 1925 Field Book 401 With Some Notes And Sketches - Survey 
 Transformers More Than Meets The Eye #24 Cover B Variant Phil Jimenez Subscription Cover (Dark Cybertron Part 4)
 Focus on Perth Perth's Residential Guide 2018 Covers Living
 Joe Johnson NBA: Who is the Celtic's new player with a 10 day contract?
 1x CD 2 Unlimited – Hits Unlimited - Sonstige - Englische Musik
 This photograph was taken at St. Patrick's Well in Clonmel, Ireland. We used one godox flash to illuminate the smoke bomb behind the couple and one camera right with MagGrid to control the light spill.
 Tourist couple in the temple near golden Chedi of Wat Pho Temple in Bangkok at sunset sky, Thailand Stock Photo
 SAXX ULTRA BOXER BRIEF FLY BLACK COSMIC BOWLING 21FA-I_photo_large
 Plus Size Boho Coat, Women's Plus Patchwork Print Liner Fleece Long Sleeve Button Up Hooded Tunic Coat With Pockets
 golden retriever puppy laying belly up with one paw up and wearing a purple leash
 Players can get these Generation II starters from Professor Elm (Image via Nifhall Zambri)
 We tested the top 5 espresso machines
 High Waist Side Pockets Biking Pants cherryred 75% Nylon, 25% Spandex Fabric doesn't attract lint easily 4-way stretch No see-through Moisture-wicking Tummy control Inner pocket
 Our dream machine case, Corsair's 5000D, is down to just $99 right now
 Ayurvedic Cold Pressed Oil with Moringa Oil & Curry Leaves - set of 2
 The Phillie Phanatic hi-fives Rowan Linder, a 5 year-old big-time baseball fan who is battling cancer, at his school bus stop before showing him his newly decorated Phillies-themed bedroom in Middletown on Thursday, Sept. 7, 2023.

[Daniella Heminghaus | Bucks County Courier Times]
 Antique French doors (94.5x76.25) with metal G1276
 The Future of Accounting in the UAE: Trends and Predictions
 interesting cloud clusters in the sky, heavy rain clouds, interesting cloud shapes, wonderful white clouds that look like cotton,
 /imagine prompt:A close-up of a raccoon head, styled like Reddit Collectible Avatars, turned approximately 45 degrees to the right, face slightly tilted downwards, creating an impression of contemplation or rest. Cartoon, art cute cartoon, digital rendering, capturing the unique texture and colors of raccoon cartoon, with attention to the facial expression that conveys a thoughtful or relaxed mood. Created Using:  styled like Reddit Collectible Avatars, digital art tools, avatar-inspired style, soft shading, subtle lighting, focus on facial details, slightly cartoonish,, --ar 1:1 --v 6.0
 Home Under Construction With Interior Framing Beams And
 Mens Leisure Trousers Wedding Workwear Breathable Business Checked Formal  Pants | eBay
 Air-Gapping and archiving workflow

--- --- ---

ACTIVITY:
For each line in the records that holds "control", show that line as it stands.

SOLUTION TO THE PROBLEM:
 This photograph was taken at St. Patrick's Well in Clonmel, Ireland. We used one godox flash to illuminate the smoke bomb behind the couple and one camera right with MagGrid to control the light spill.
 High Waist Side Pockets Biking Pants cherryred 75% Nylon, 25% Spandex Fabric doesn't attract lint easily 4-way stretch No see-through Moisture-wicking Tummy control Inner pocket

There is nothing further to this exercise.